#### Exercise prompt
Print the listing as it stands, omitting all images.

#### Input data
::::::
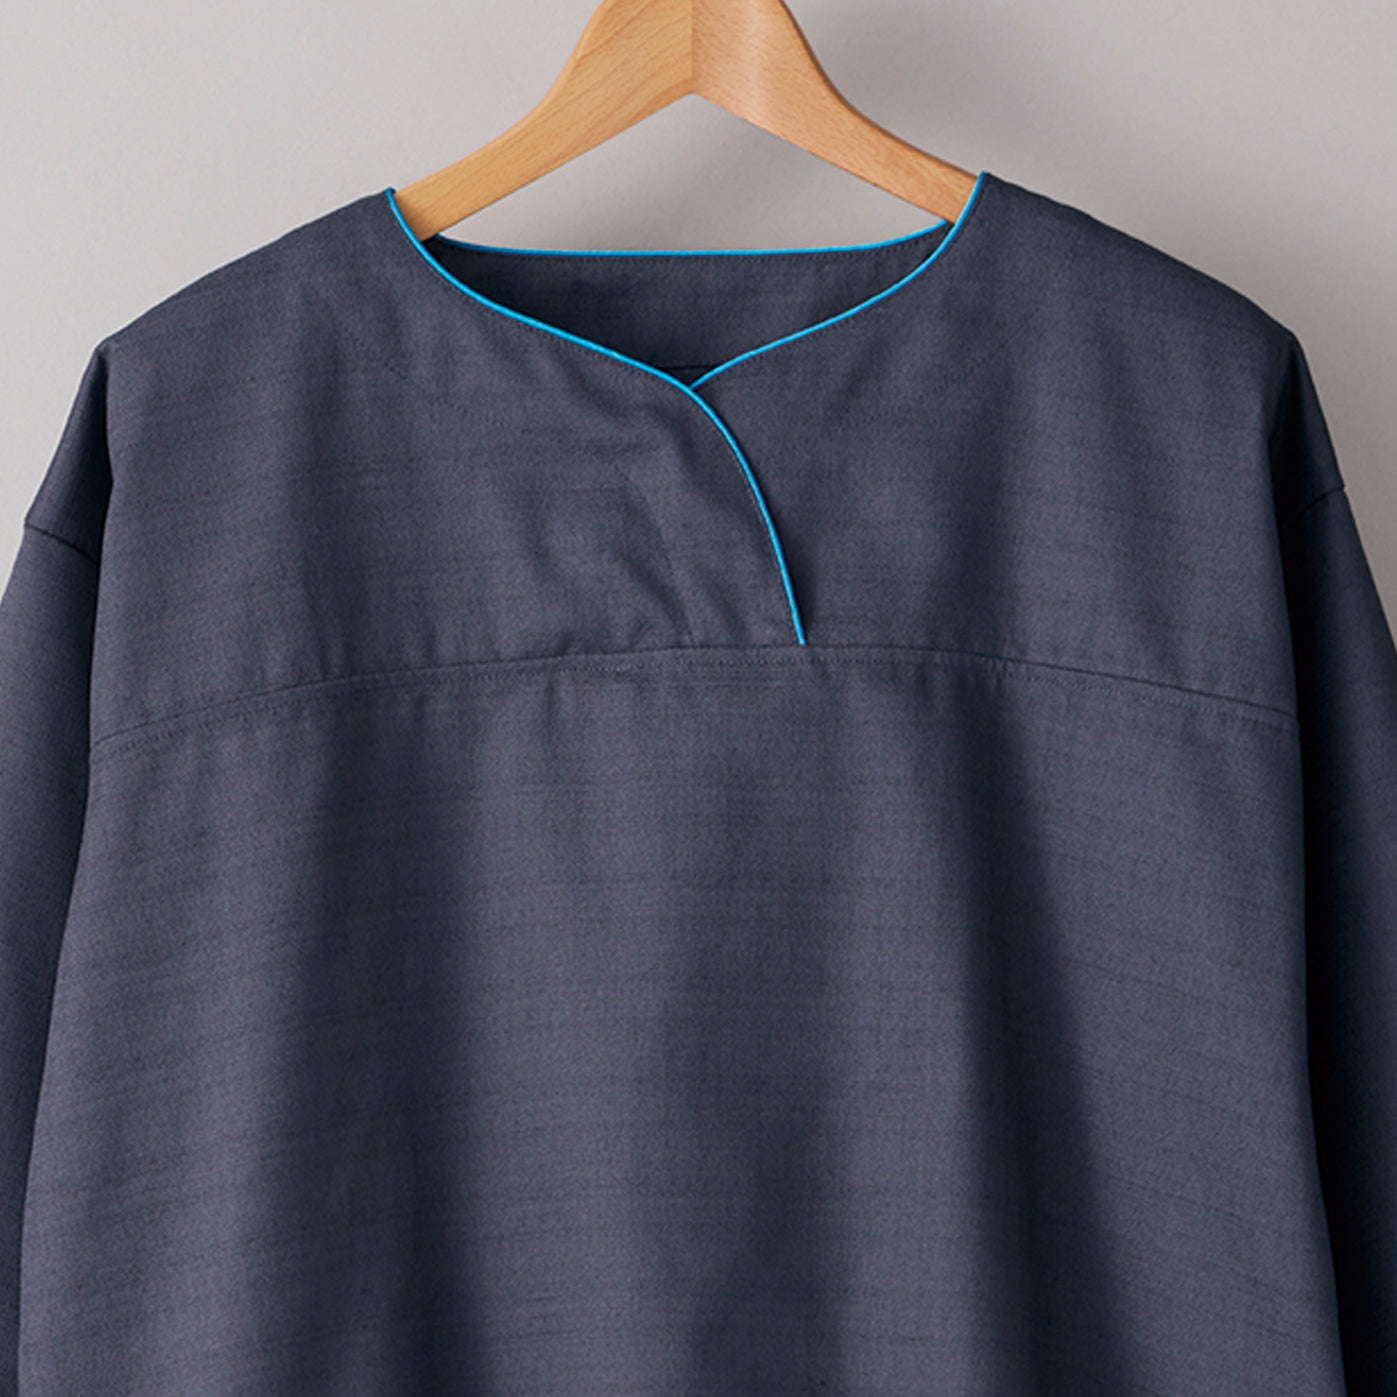 Pajamas_006〈blue gray〉
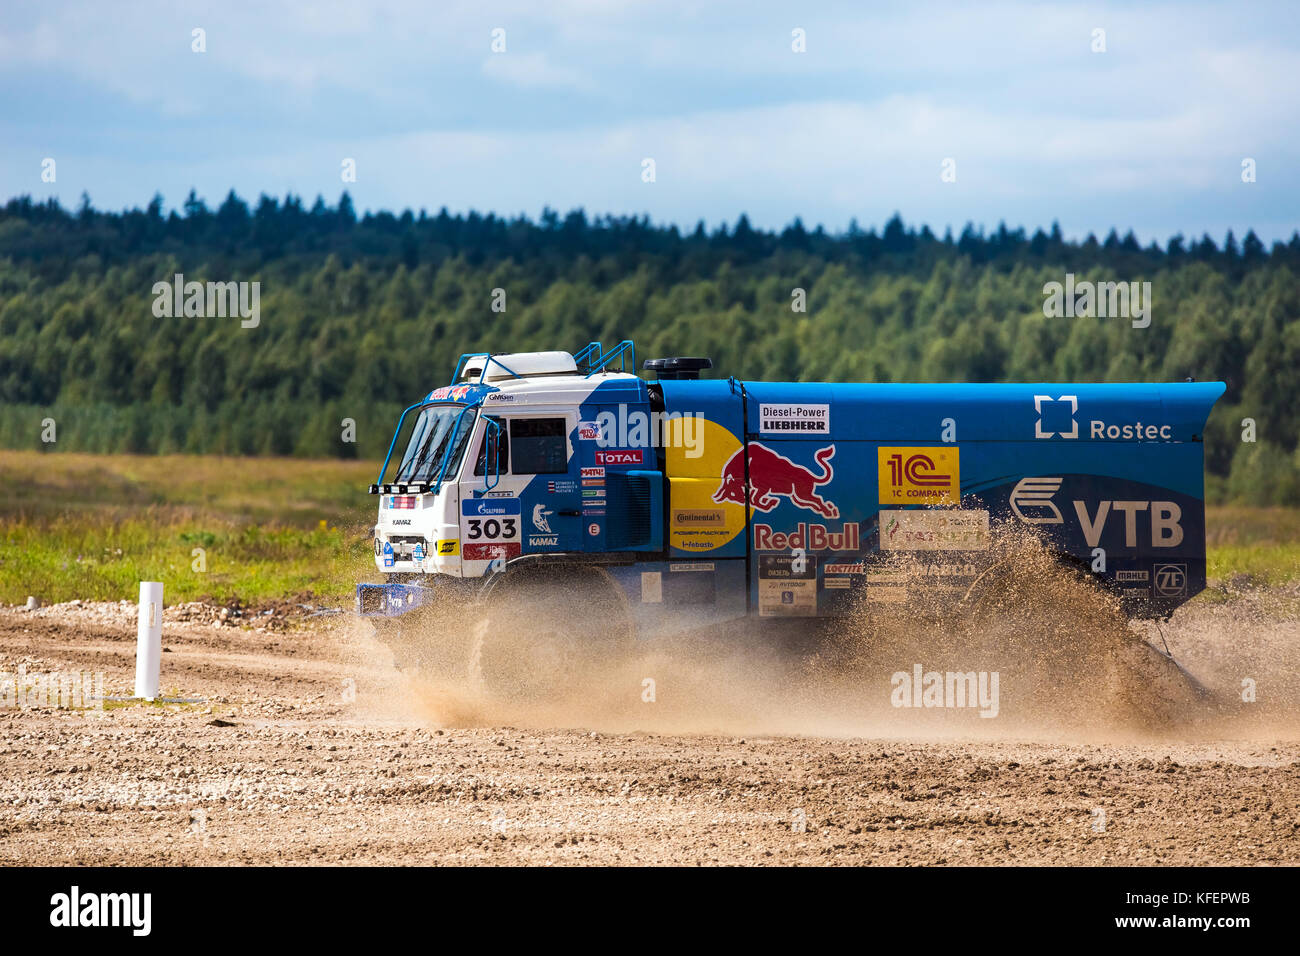 Moskau, Russland - August 2017: Leistung Der kamaz-master Team Truck auf internationale militärische Forum in der Region Moskau, Russland Stockfoto
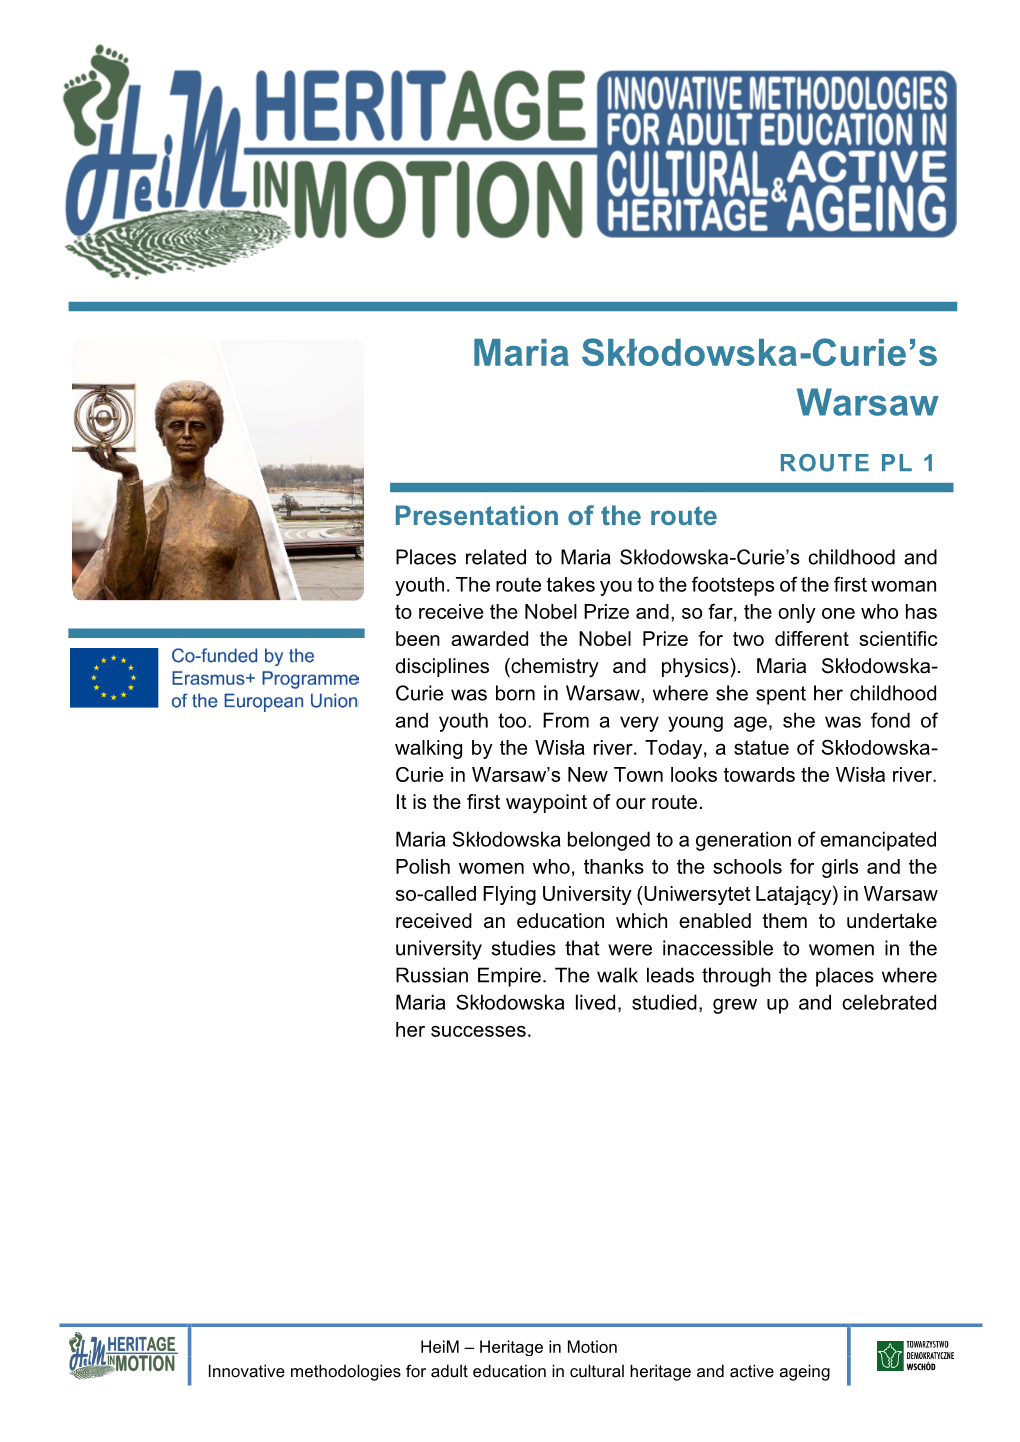 Maria Skłodowska-Curie's Warsaw
::::::
#### Problem solution
 Pajamas_006〈blue gray〉
 Moskau, Russland - August 2017: Leistung Der kamaz-master Team Truck auf internationale militärische Forum in der Region Moskau, Russland Stockfoto
 Maria Skłodowska-Curie's Warsaw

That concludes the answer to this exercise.